Das Bundesgericht erinnerte an seine Kognition, wonach es dem Urteil den Sachverhalt zugrunde legt, den die Vorinstanz festgestellt hat (Art. 105 Abs. 1 BGG), und Willkür (Art. 97 Abs. 1 BGG) nur bei offensichtlicher Unrichtigkeit rügt. Es stellte fest, dass der Beschwerdeführer mit seinen Einwänden weitgehend appellatorische Kritik übte, die den strengen Anforderungen der Willkürrüge nicht genügte. Die Vorinstanz stützte ihre Schuldsprüche auf eine umfassende Beweiswürdigung, die folgende Elemente umfasste: * Spontane Aussagen des Kindes: Protokolle der Kindergartenlehrerin und Journaleinträge der Betreuungspersonen, die spontane Äusserungen von B._ zu den sexuellen Handlungen enthielten. * Sexualisiertes Verhalten: Das von mehreren Fachpersonen als auffällig sexualisiert beschriebene Verhalten von B._ (z.B. grenzüberschreitendes Berühren, Nachstellen sexueller Handlungen) wurde als wichtiges Indiz im Rahmen der Gesamtwürdigung herangezogen. Dies sei zwar kein alleiniger Beweis, aber ein relevanter Faktor im Kontext. * Verhalten des Beschwerdeführers: Die zögerliche Reaktion bei der Hausdurchsuchung (10 Minuten Verzögerung), die Verschlüsselung digitaler Datenträger und die Nutzung eines Tor Browsers wurden als Indizien für ein Vertuschungsverhalten gewertet. * Glaubhaftigkeit der Zeugen: Die Vorinstanz würdigte die Aussagen der Kindergartenlehrerin und der Betreuungspersonen als glaubhaft und begründete detailliert, weshalb sie die entlastenden Aussagen der Mutter (Loyalität zum Ehemann, Ausblenden früherer Verurteilung des Beschwerdeführers wegen Delikten am Sohn) und des Bruders (Loyalitätskonflikt, mangelnde Opferwahrnehmung eigener Missbräuche) für wenig beweiskräftig hielt. Die Aussagen des Beschwerdeführers selbst wurden angesichts der Gesamtheit der Indizien als nicht glaubhaft erachtet. * Verletzung der Fürsorge- oder Erziehungspflicht: Festgestellt aufgrund von Kindesäusserungen zu körperlicher Misshandlung, fehlendem eigenem Zimmer, möglicher Beobachtung sexueller Handlungen der Eltern, Vernachlässigung der Kindervorsorgeuntersuchungen und der altersgerechten Förderung, sowie Mängeln bei Kleidung und Hygiene. Die Berücksichtigung von (verjährten) Tätlichkeiten als Tatbestandselement dieser Pflichtverletzung wurde als rechtlich zulässig erachtet. * Übertretung des Waffengesetzes: Die Feststellung, dass der Beschwerdeführer keine schriftliche Erwerbsberechtigung für die Luftdruckpistole hatte, wurde als nicht willkürlich befunden.

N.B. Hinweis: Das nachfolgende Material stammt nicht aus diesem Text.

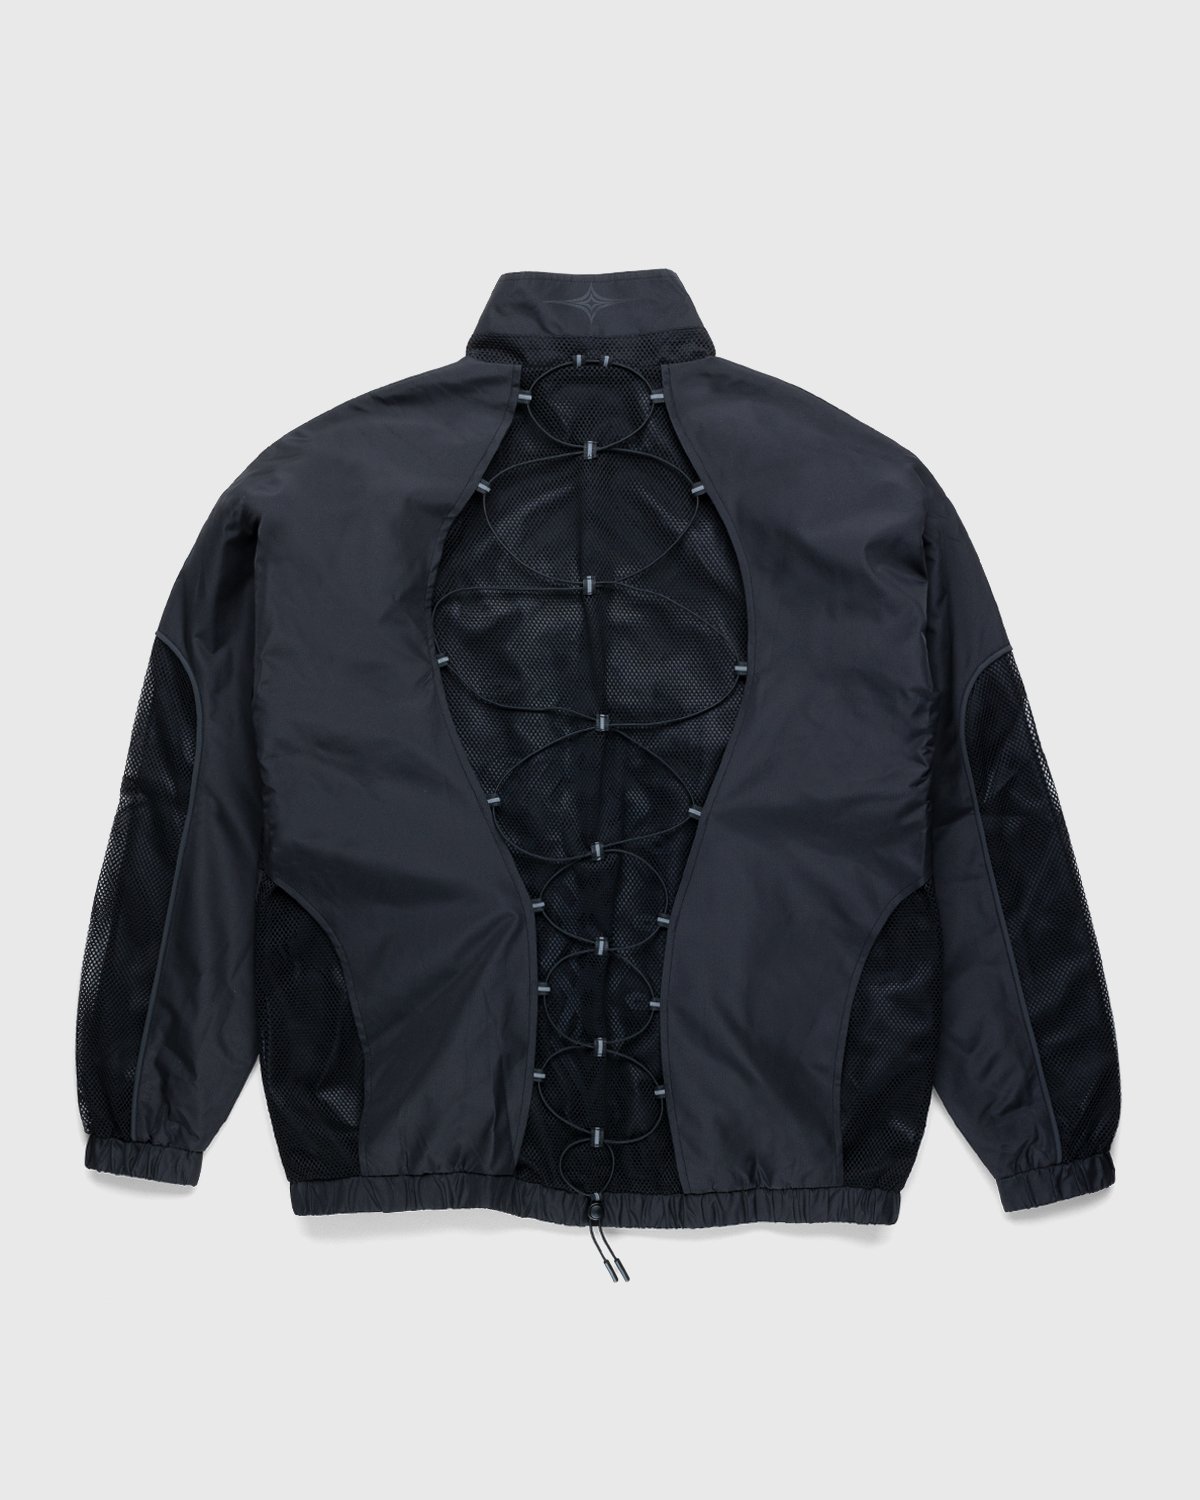 Umbro x Sucux - Zenomorph Jacket Black - Clothing - Black - Image 2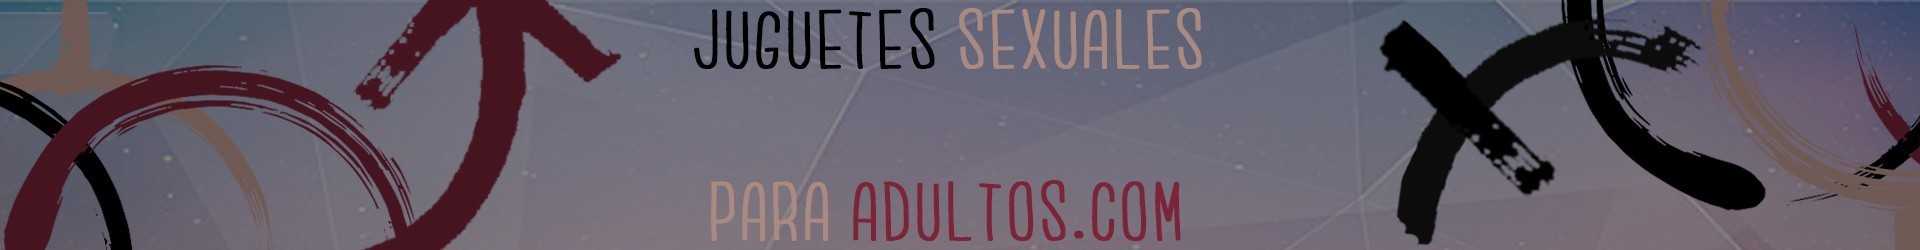 Lubricacion anal - Juguetes Sexuales para Adultos

Die vom Beschwerdeführer vorgebrachten alternativen Erklärungsansätze für die Beweise wurden von der Vorinstanz ausreichend geprüft und nachvollziehbar verworfen. Die Gesamtwürdigung der Beweismittel durch die Vorinstanz war somit nicht willkürlich.
V. Rechtliche Würdigung betreffend die Verletzung der Fürsorge- oder Erziehungspflicht
Sofern der Beschwerdeführer die rechtliche Würdigung der Verletzung der Fürsorge- oder Erziehungspflicht beanstandete, stützte er sich auf einen Sachverhalt, der von der Vorinstanz nicht festgestellt und vom Bundesgericht nicht beanstandet wurde. Da er sich nicht mit dem willkürfrei festgestellten Sachverhalt auseinandersetzte, wurde auf seine Ausführungen nicht eingegangen.
Schlussfolgerung:
Das Bundesgericht wies die Beschwerde ab, soweit darauf eingetreten werden konnte. Das Gesuch des Beschwerdeführers um unentgeltliche Rechtspflege wurde gutgeheissen, da seine Bedürftigkeit erstellt schien und die Beschwerde nicht von vornherein aussichtslos war. Es wurden keine Gerichtskosten erhoben, und der Rechtsvertreter des Beschwerdeführers wurde aus der Bundesgerichtskasse entschädigt.